It makes me feel vulnerable to share, but we have benefited enormously from reading others' stories, so I'm sharing.
UPDATE:
8/18/21 PSA =0.45
9/6/21 last dose Orgovyx
9/7/21 First Eligard 3 month shot
9/17/21 PSA =0.78
10/18/21 PSA =1.28
Nov not tested
12/18/21 PSA =5.9
2022
Nubeqa started 1/6/22
01/20/22 PSA =2.14
03/03/22 PSA =0.64
4/20/22 PSA =0.27
6/01/22 PSA =0.18
7/19/22 PSA =0.10
8/26/22 PSA =0.05
11/04/22 PSA =0.03
12/21/22 PSA =0.04
02/08/23 PSA = 0.06
03/20/2023 PSA=0.26
Started at VUMC w Schaffer
4/25/2023 PSA: 1.31
5/4/23 ALP 104
5/10/2023 PSMA scan showed mixed response - decreased uptake of previously seen RP and iliac LN, a few new sites of nodal disease
6/19/23 - Aug 2023 Provenge started
6/19/23 PSA 11.73 ALP 101
6/19/23 Lupron 3 month dose
7/17/23 last dose Provenge
Aug 2023 PSA rise 25.6
8/8/2023 CT CAP and NM bone scan show slight disease progression with increased LAD and new focus of radiotracer uptake in 5th rib
Aug 2023 consult w DrDenmeade re BAT
Aug 2023 discontinued darolutamide in preparation for BAT
9/7/23 PSA 74, ALP 132
9/13/23 CT CAP and NM bone scan show stable disease / uptake from prior. Multiple osseous sites
10/4/23 PSA 70.15, ALP 138
Started BAT - October 2023 - December 2023 received testosterone cypionate 400 mg monthly while continuing Lupron
11/1/23 PSA 71.27, ALP 159
11/30/23 PSA 57.38, ALP 185
12/28/23 47.73, ALP 221
1/23/24 PSA 128 T 538, ALP 284
1/18/24 CT CAP shows increased RP LN and new multifocal osseous lesions. CT confirmed small segmental PE in RLL .NM bone scan shows increased uptake new compared to prior (9-2023) calvarium, shoulders, ribs, sternum, C, T and L spine, pelvis and proximal femurs. Rib lesions increased in size and intensity from prior. Doppler Venous lower extremities no DVT
1/29/24 Darolutamide resumed
2/5/24 PSA 88, T 171
2/19/24 PSA 98, T 128, ALP 381
3/4/24 PSA 209, T 61, ALP 412
Going for scan to set up SBRT for painful mets today which will be done after trip to Mayo to see Sartor (3/12/24)

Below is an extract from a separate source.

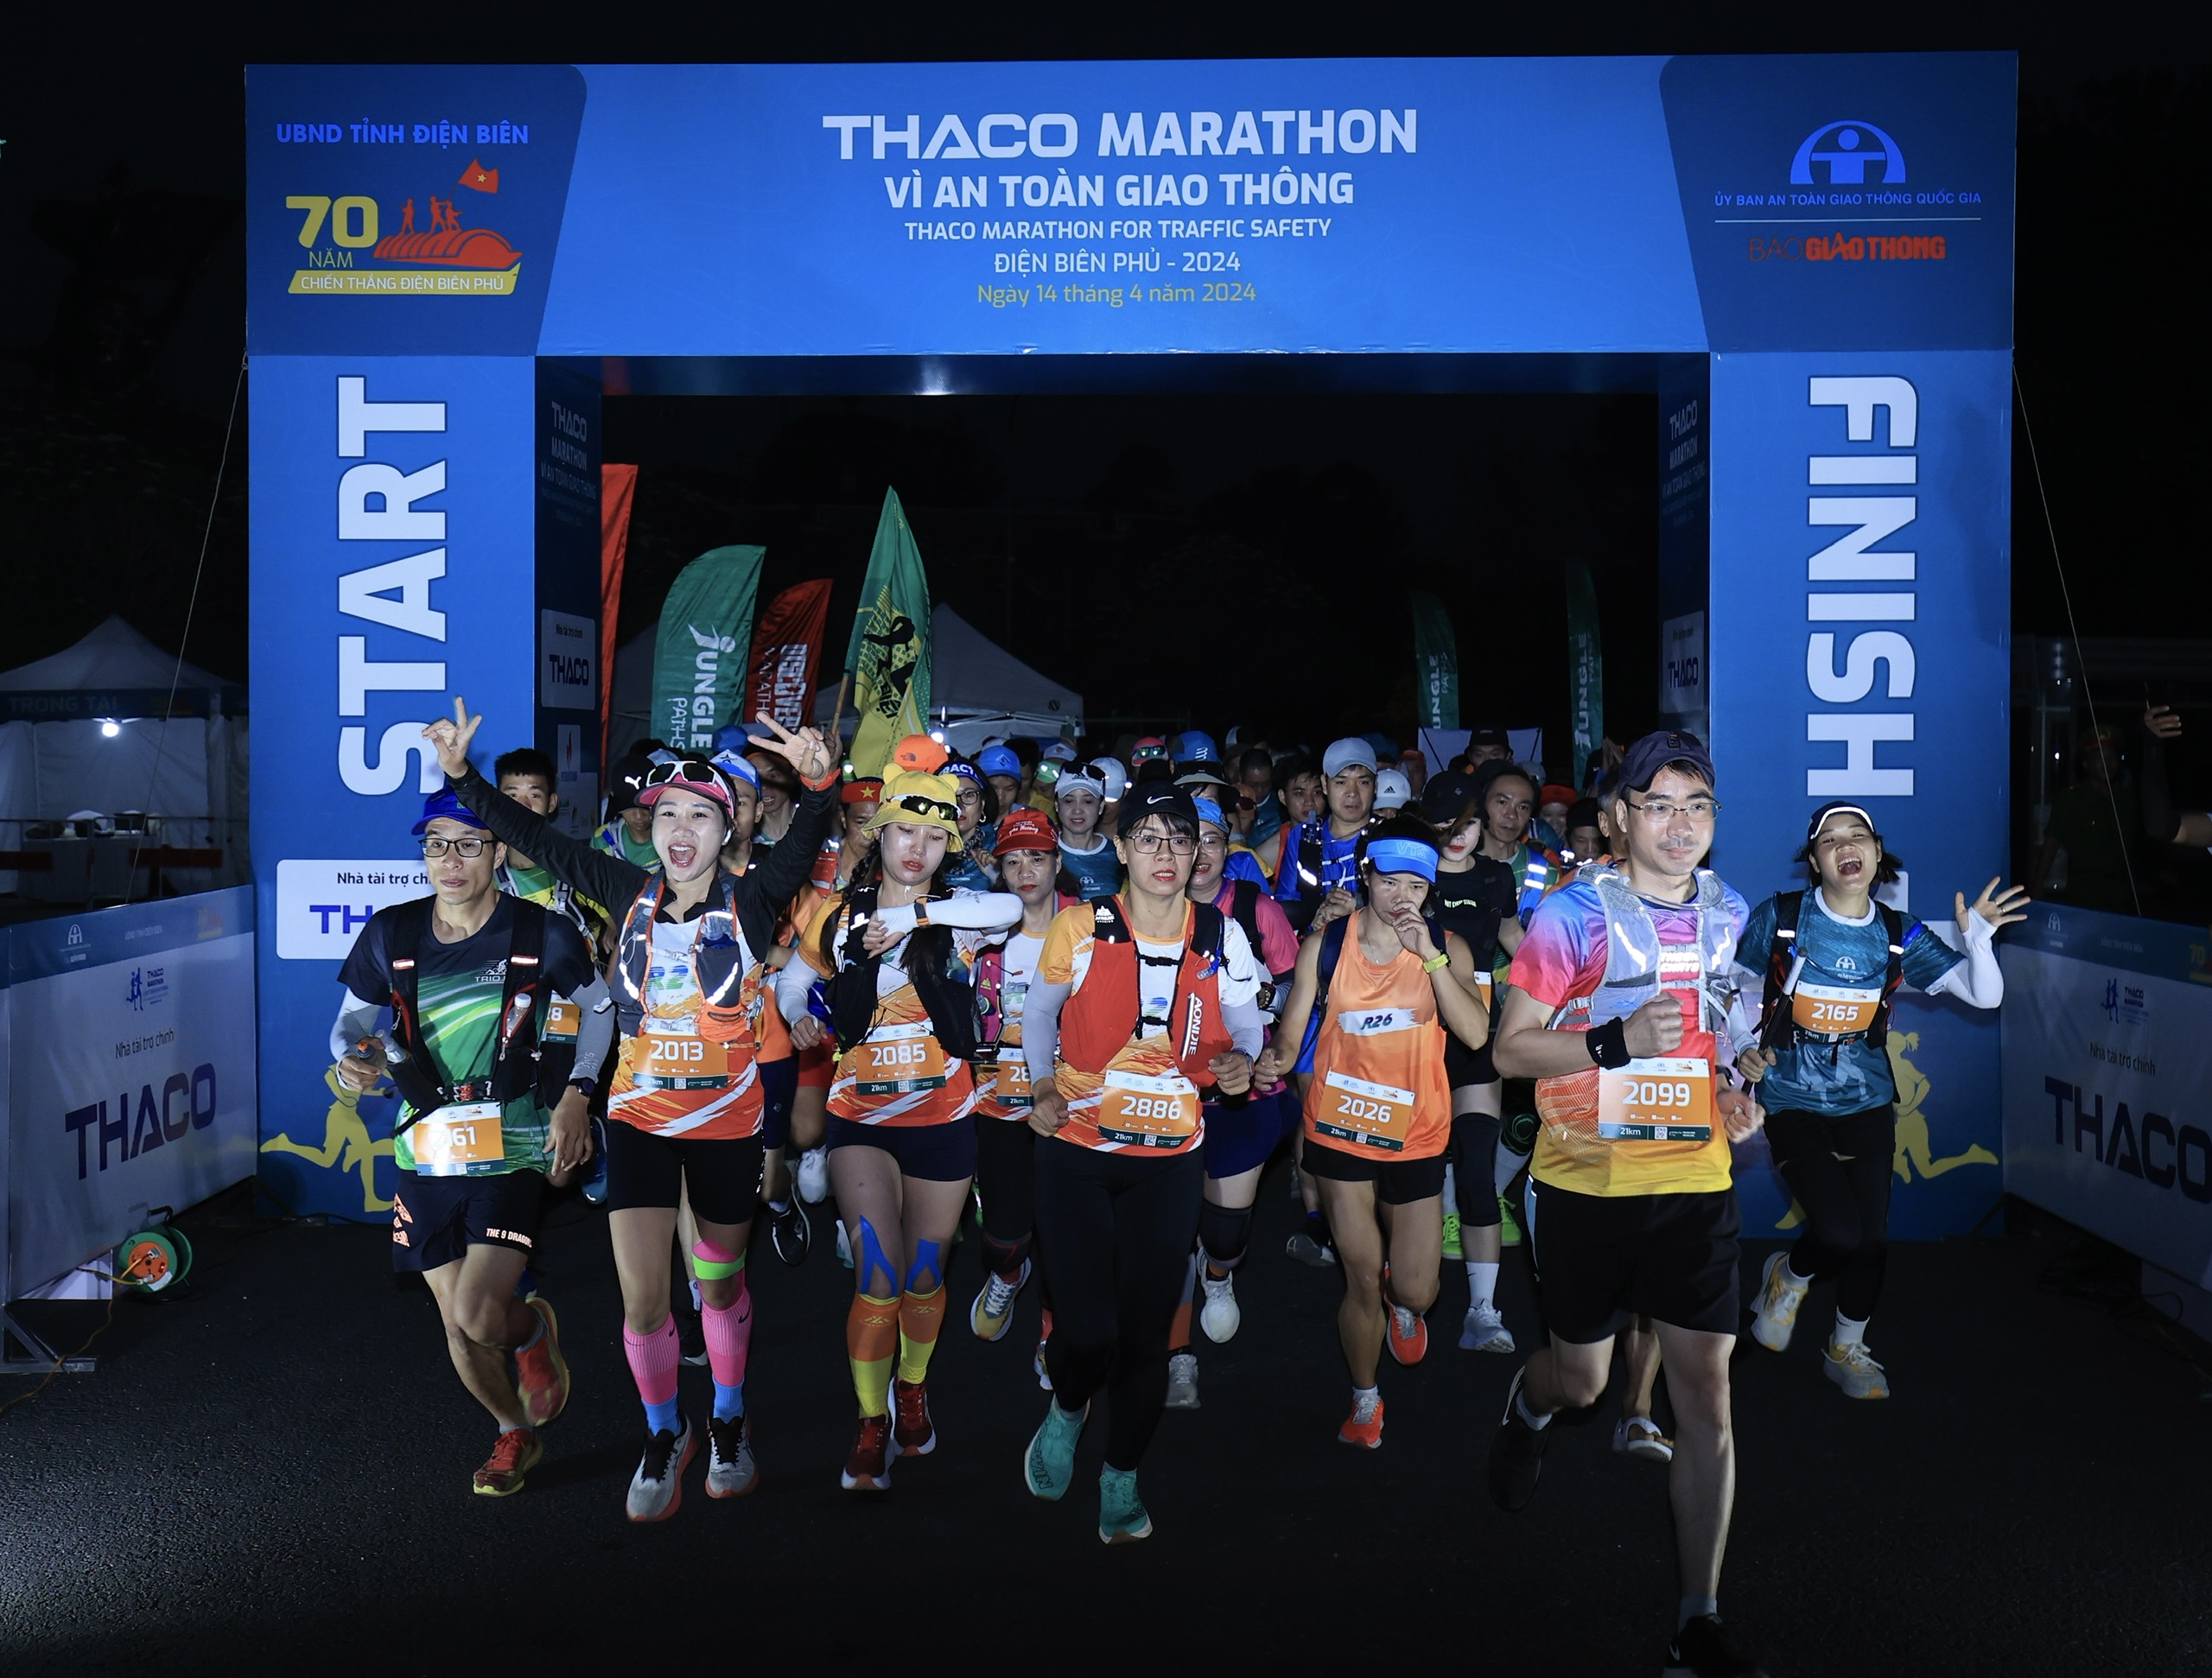 Trực tiếp: Giải THACO Marathon vì ATGT - Điện Biên Phủ 2024 thành công rực rỡ- Ảnh 40.

Dramatic changes in bone involvement from September to January. Went from mostly nodal disease to widespread mets throughout skeleton.
Frustrated more wasn't suggested earlier. We only saw NP during BAT treatments at VU, T was not measured. PSA was going down (from 71 to 47), but Alkaline Phosphatase was going up and we brought it to the attention of the NP but were essentially dismissed, since PSA was falling.
It's frustrating when you go in to your doctor informed and asking good questions but basically being told to wait till you have more disease.
He has not had chemo.
We've been researching AC225 overseas, but very expensive.
Hoping for good direction from Dr. Sartor next week.
If you read it all, thank you.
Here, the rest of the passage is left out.